How to reduce and boost your Firebase cold start times

Firebase cold start times are a common problem for developers. In this tutorial, we'll show you how to reduce and boost your Firebase cold start times.

ยท3 min read

Firebase is a great platform for building serverless applications. It provides a lot of great features out of the box, such as authentication, database, storage, and hosting.

However, one of the downsides of using Firebase is that it can be slow to start up: this is because Firebase is a serverless platform, which means that it doesn't have any servers running all the time.

Instead, it starts up a server when a request comes in, and then shuts it down when the request is complete. This is great for saving money, but it can be slow to start up, especially when loading the Firestore Admin SDK in your API function. This has been a very popular issue on the Firebase community forums: the only solution was switching to a REST API, which meant not being able to rely on the official SDK.

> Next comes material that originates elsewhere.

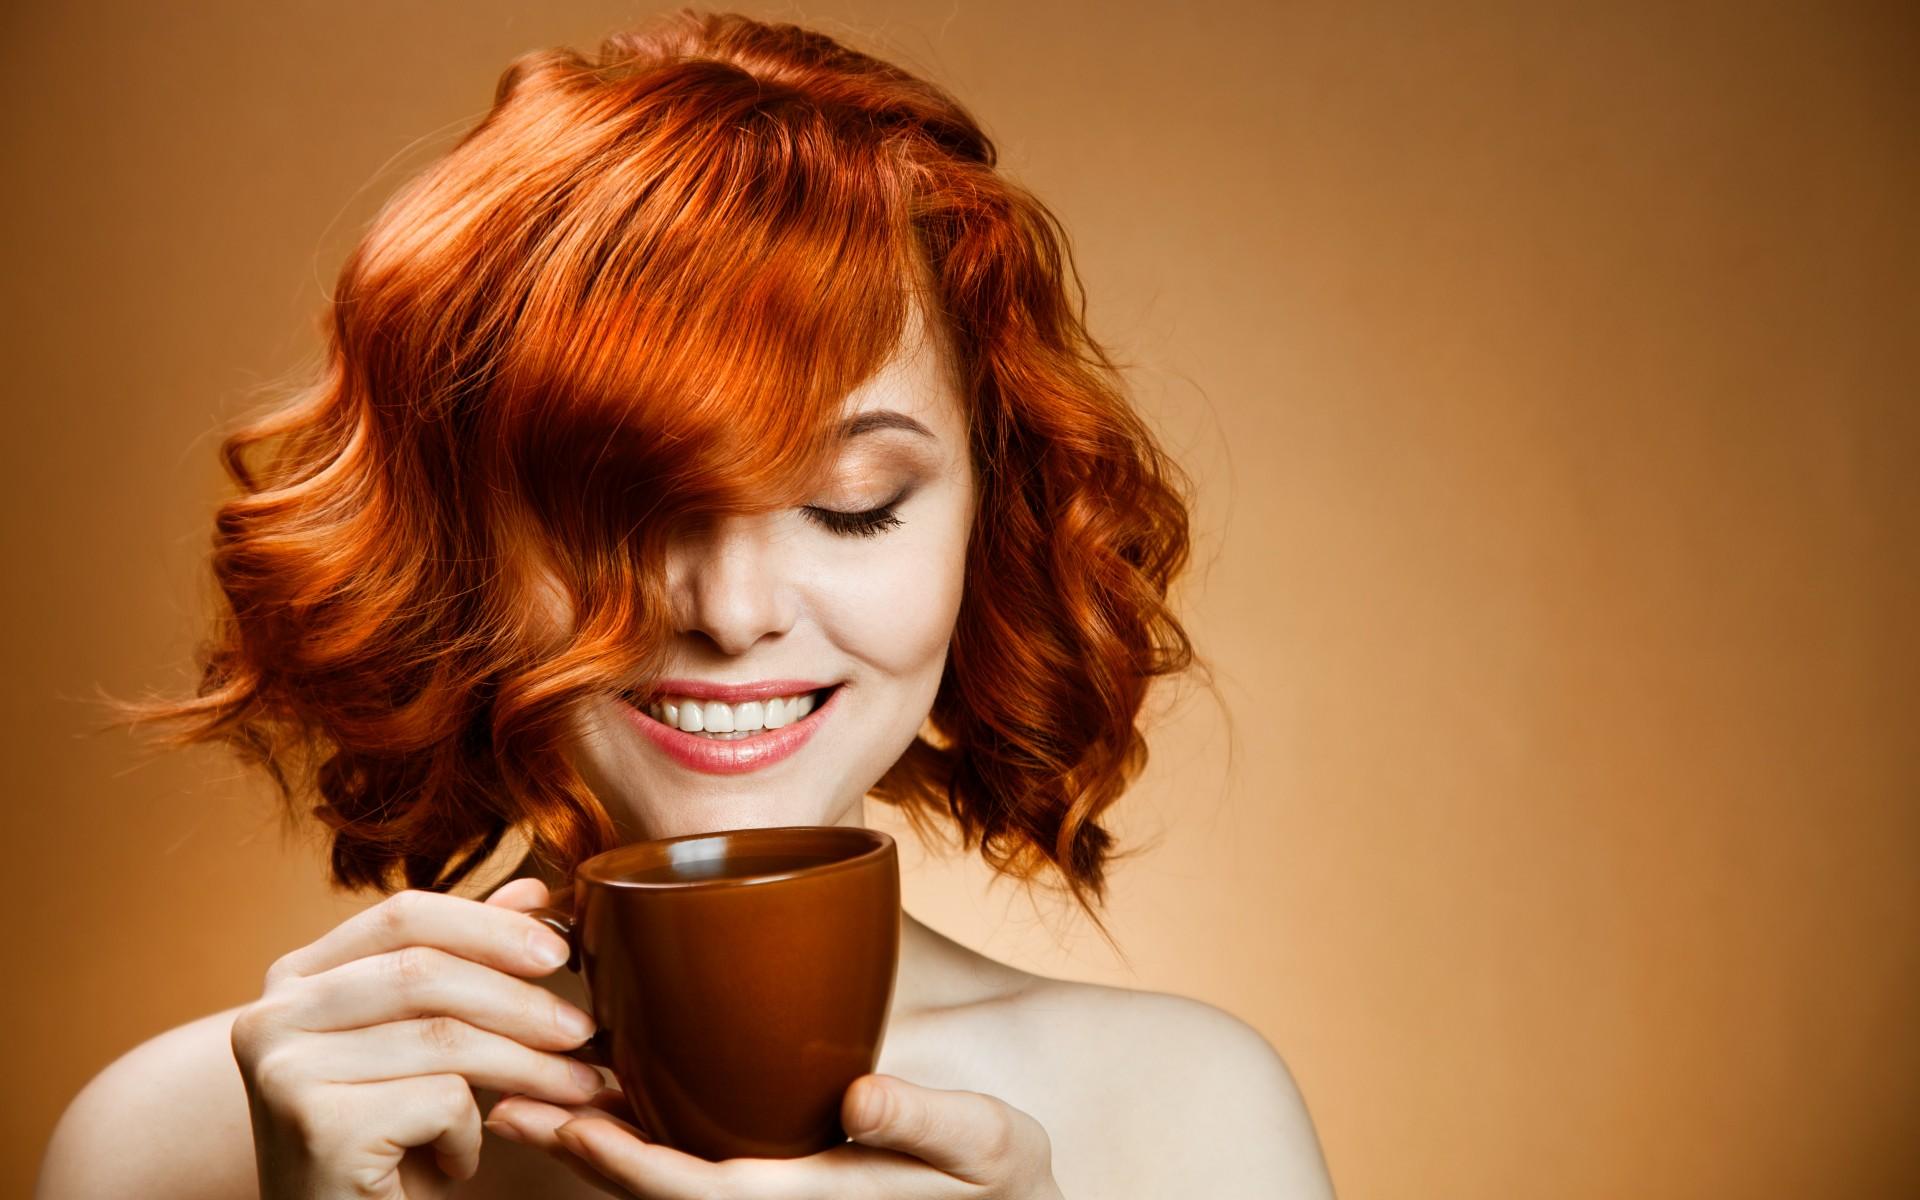 Cà phê nhân sâm 4 in 1

In this post, I want to share two tips to reduce and boost your Firebase cold start times, thanks to recent updates to the Firebase Functions and the Firestore Admin SDK.

1. Switch to the Firestore REST API

If you update your Firestore Admin Node.js SDK to version 9.14.0 or higher, you can now use the Firestore Admin SDK using REST calls instead of the gRPC protocol. This will immediately boost your cold start times since the Firestore Admin SDK no longer needs to access files from the file system.

NB: this will improve your cold start times regardless of which platform you use, such as AWS, Vercel or Netlify. In fact, this issue existed in all serverless platforms, not just Firebase Functions.

How to enable the Firestore REST API

To enable the Firestore REST API, you need to update your firebase-admin package to version 9.14.0 or higher, and then update your firebase-admin/firestore settings when creating the Firestore instance.

For example, you can use the function below and replace your plain getFirestore instances:

import { getFirestore, Firestore } from 'firebase-admin/firestore'; let firestore: Firestore; /** * @name getRestFirestore * @description Get the Firestore instance with REST API enabled. This is * faster than the default Firestore instance which uses GRPC. */ function getRestFirestore() { // prevent multiple instances of Firestore if (firestore) { return firestore; } firestore = getFirestore(); // enable REST API for faster Firestore operations firestore.settings({ preferRest: true, }); return firestore; } export default getRestFirestore;

Now, use getRestFirestore instead of getFirestore in your functions whenever you're loading the Firestore SDK in your API functions.

2. Use the new Firebase Functions v2

If you are using Firebase Functions, you can further reduce your cold start times by switching to the new Firebase Functions v2.

The Firebase Functions v2 now uses Google Cloud Run: a more modern and faster serverless product with better control, configuration and monitoring.

The most important change is that Function instances can now execute more than one request at a time: new functions with 1 dedicated CPU or higher will default to 80 concurrent requests. This means that your functions will be able to handle more requests at the same time, which will reduce the number of cold starts.